Page images
PDF
EPUB

FOREWORD.

This bulletin on general administration and case procedure in civilian vocational rehabilitation of persons disabled in industry or otherwise has been prepared under the direction of Mr. Lewis H. Carris, assistant director in charge of the Industrial Rehabilitation Division of the Federal Board for Vocational Education, assisted by the staff of that division. All members of the staff have cooperated actively in the preparation of the bulletin. Special acknowledgment is due to Mr. Oscar M. Sullivan, who assisted materially in the initial stages of outlining Misc. 240, the first draft of this bulletin, and formulating its contents. Free use has been made of Mr.

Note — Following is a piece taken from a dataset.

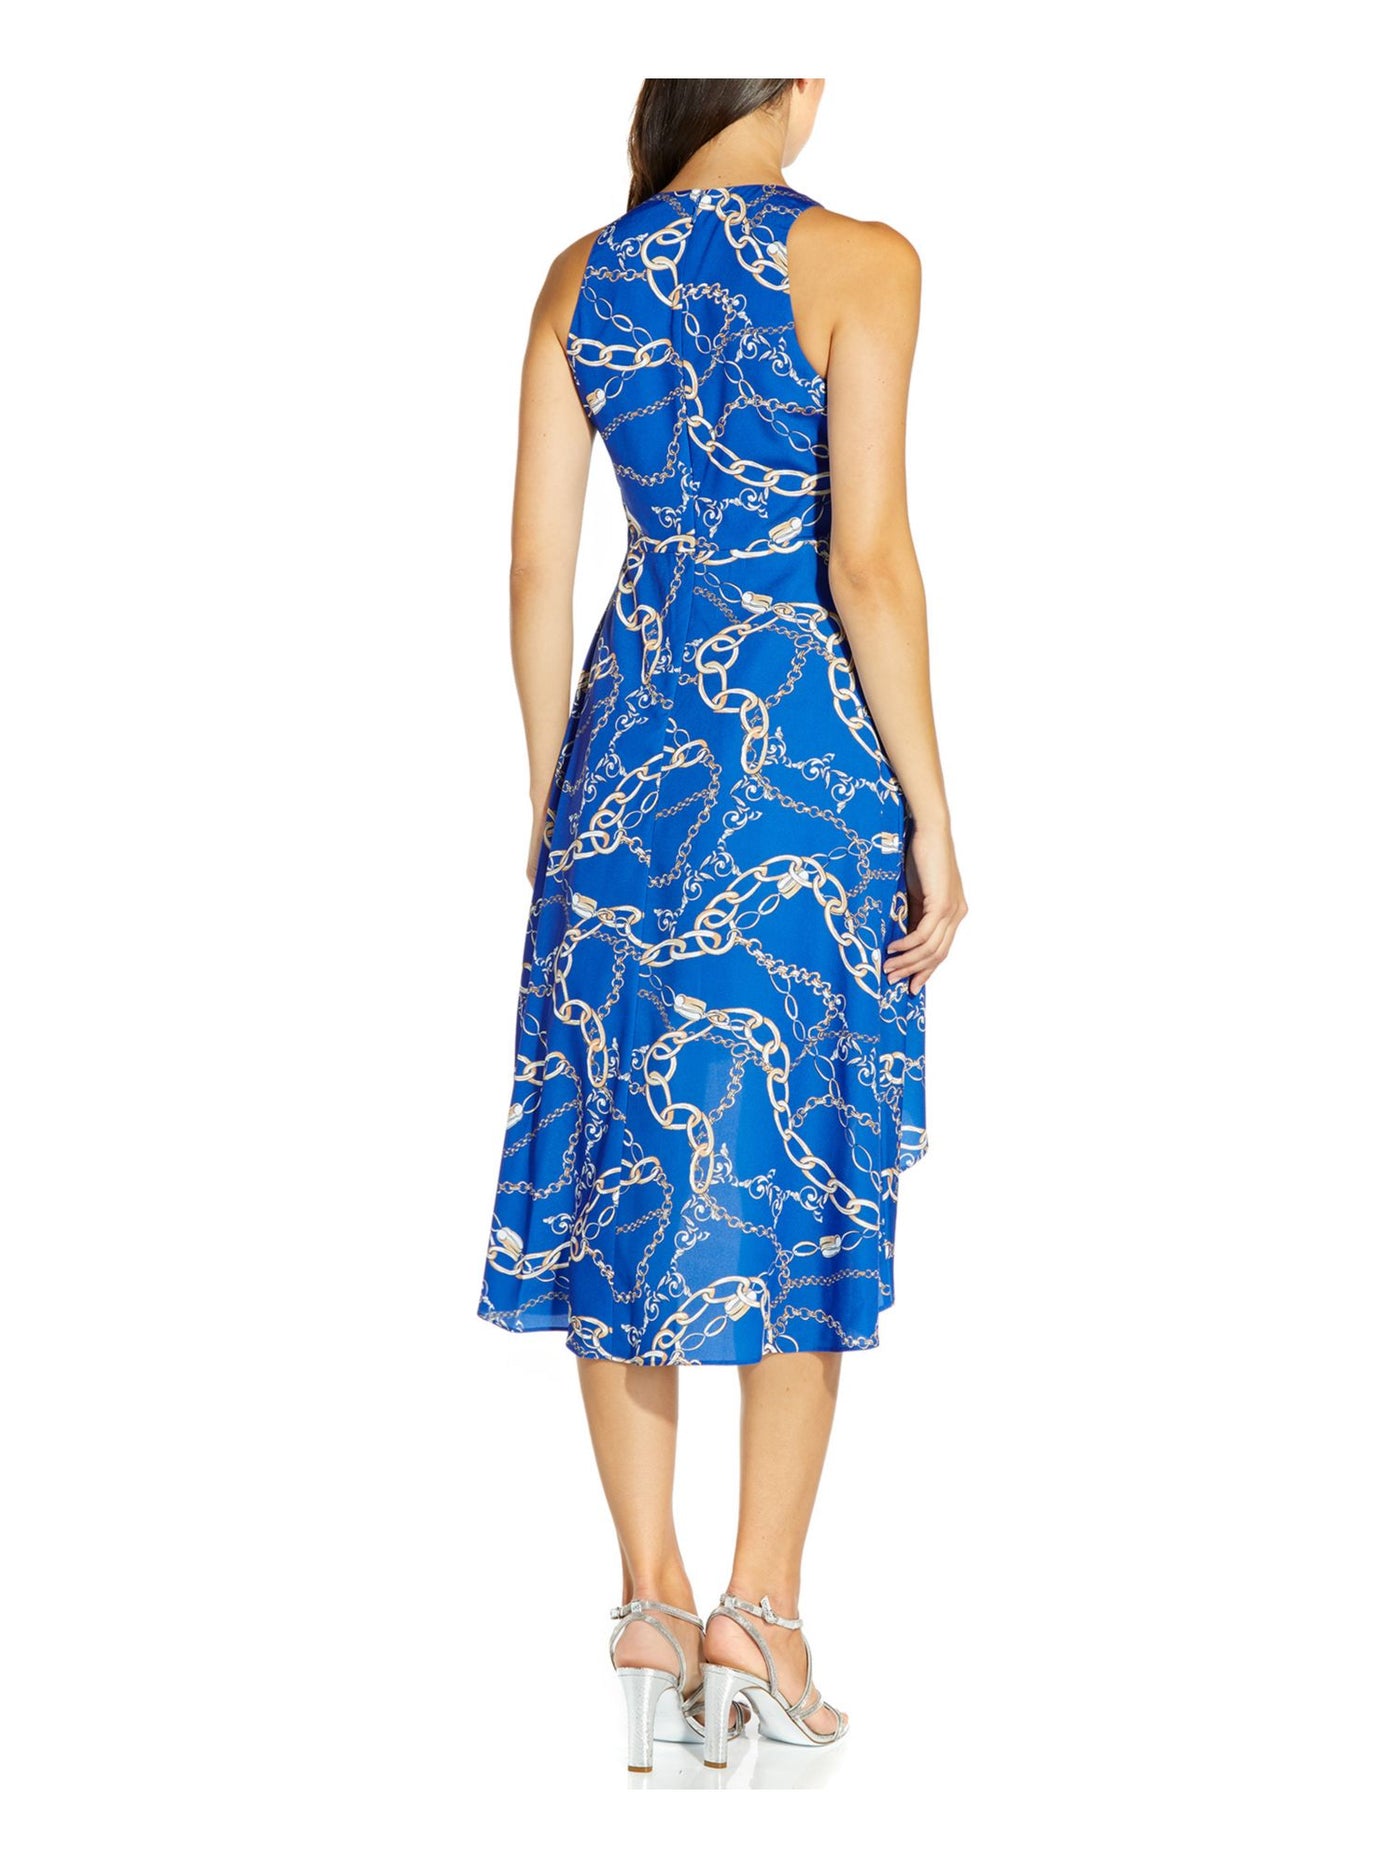 ADRIANNA PAPELL Womens Blue Zippered Hi-low Printed Sleeveless Crew Neck Below The Knee Party Fit + Flare Dress 4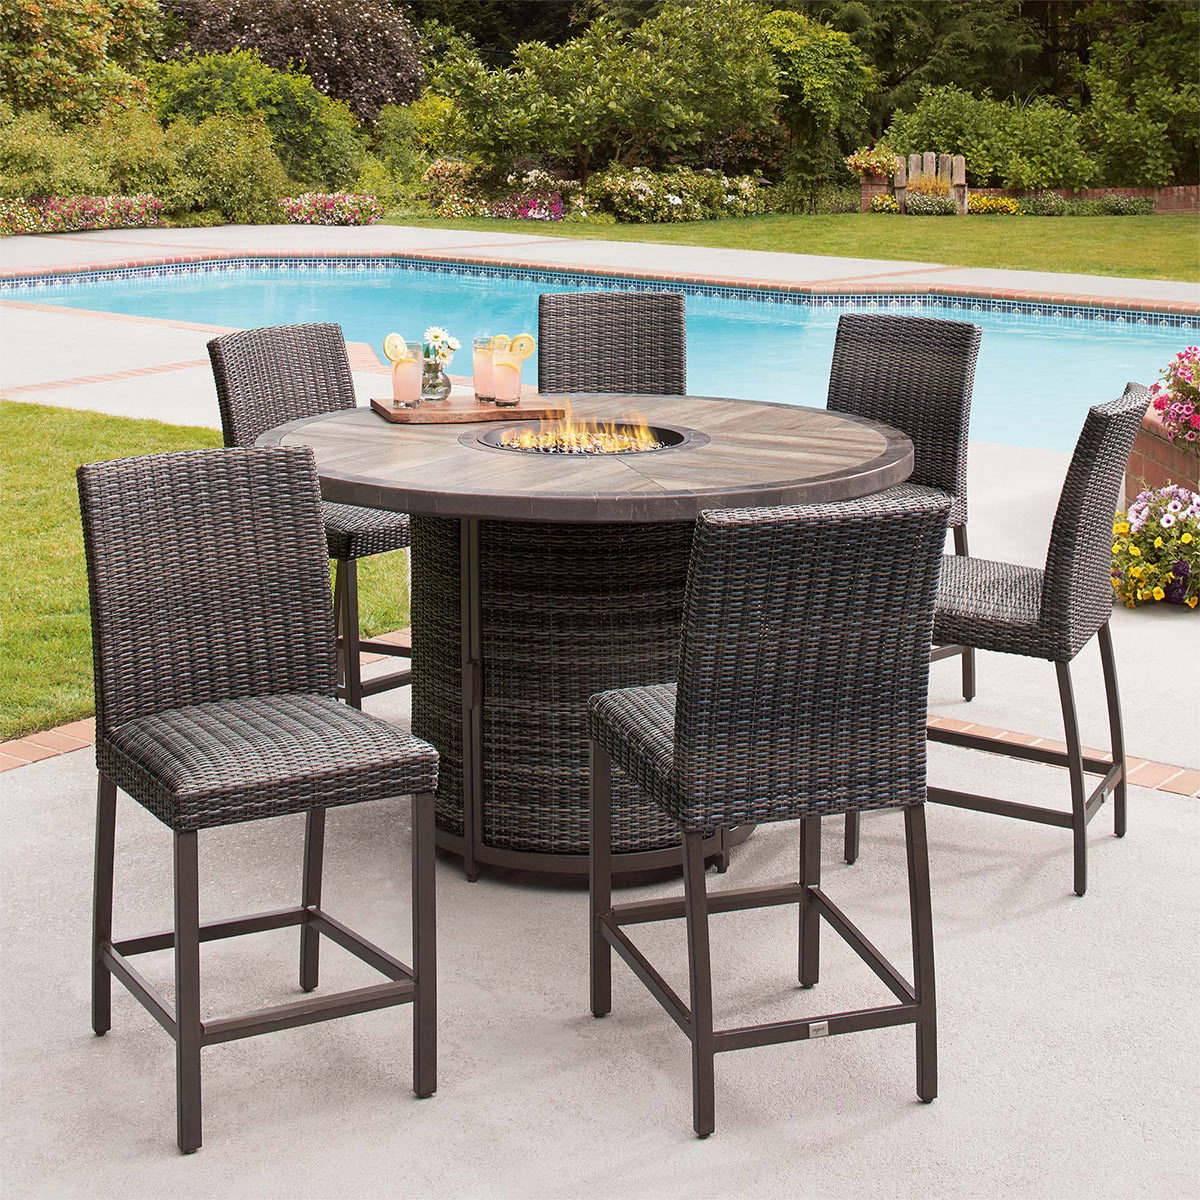 Bar Height Fire Pit Table Costco : 20 Bar Height Patio Furniture Costco ...

Sullivan's material in this bulletin, and it has been merged in the final text by a process of successive revisions, rewritings, extensions, and rearrangements in staff conferences, and by individual work of staff members in preparing text relating to their respective fields.

A first draft of the bulletin (as Misc. 240) has been given wide circulation among State officers and others interested in the development of industrial rehabilitation, as well as among employees of the Rehabilitation (Soldier and Sailor) Division of the Federal Board administering district and local offices in the States. In the final form of the bulletin this tentative draft has been materially revised and rearranged.

Credit for authorship can not, therefore, be precisely assigned, but the bulletin as it stands expresses the conclusions of the staff after careful consideration of such experience as is available at this time. It is hoped that they may be found helpful to those appointed in the States to set up administrative systems under State laws.

Bulletin No. 1 of the Industrial Rehabilitation Series formulated tentatively the administrative policies adopted by the board under the provisions of the act. The present bulletin considers rehabilitation from the point of view of State administration, Part I dealing with general administration and questions of general policy, and Part II with the details of case procedure.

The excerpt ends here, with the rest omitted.